Ланселот подпихнул на место отвалившуюся ветку.
– Кэй отправил его работать на кухню и дал ему прозвище: Прекрасные Руки. Кэй всегда был грубияном. А потом… как давно это было.
В тишине – оба стояли, опершись локтем о полку и выдвинув одну ногу поближе к огню, – сквозь решетку спадал невесомый пепел.
– Я время от времени давал ему разную мелочь, чтобы он себе купил что-нибудь. Кухонный паж Бомейн. Он по какой-то причине привязался ко мне. Я своею рукой посвятил его в рыцари.
Он с удивлением посмотрел на свои пальцы, двигая ими, словно никогда не видел их прежде.

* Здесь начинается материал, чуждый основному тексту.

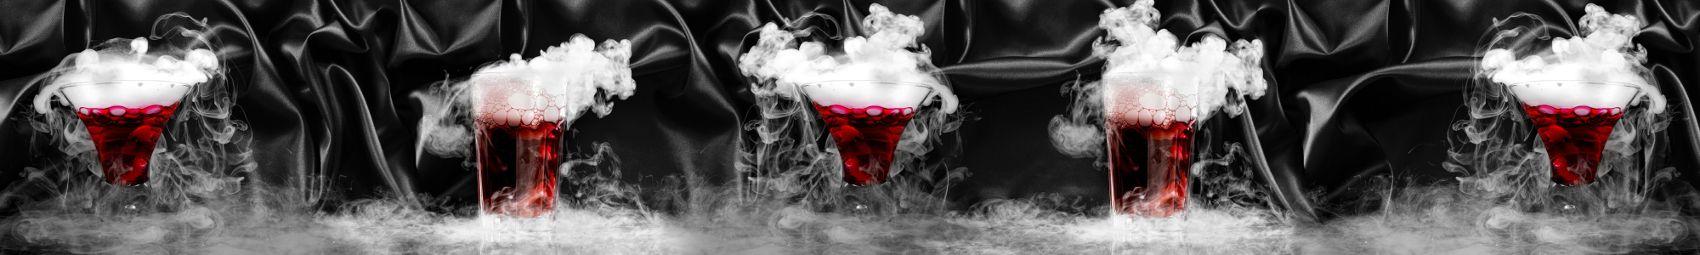 Красные напитки с паром

– Потом он сражался во время приключения с Зеленым Рыцарем, и мы узнали, какой он великолепный воин… Добрый Гарет, – сказал он почти с изумлением, – и этой же самой рукой я убил его, потому что он не пожелал выйти против меня в доспехах. До чего все-таки жуткие создания – люди! Стоит нам, гуляя в полях, увидеть цветок, как мы палкой сшибаем ему головку. Именно так и погиб Гарет.
Гвиневера в расстройстве коснулась виноватой руки:
– Ты не мог этого предотвратить.
– Я мог это предотвратить. – Ланселота охватили его всегдашние религиозные терзания. – То была моя вина. Ты права, это было на меня не похоже. Да, то была моя вина, моя вина, моя горестная вина. Все потому, что я в этой давке рубил направо и налево.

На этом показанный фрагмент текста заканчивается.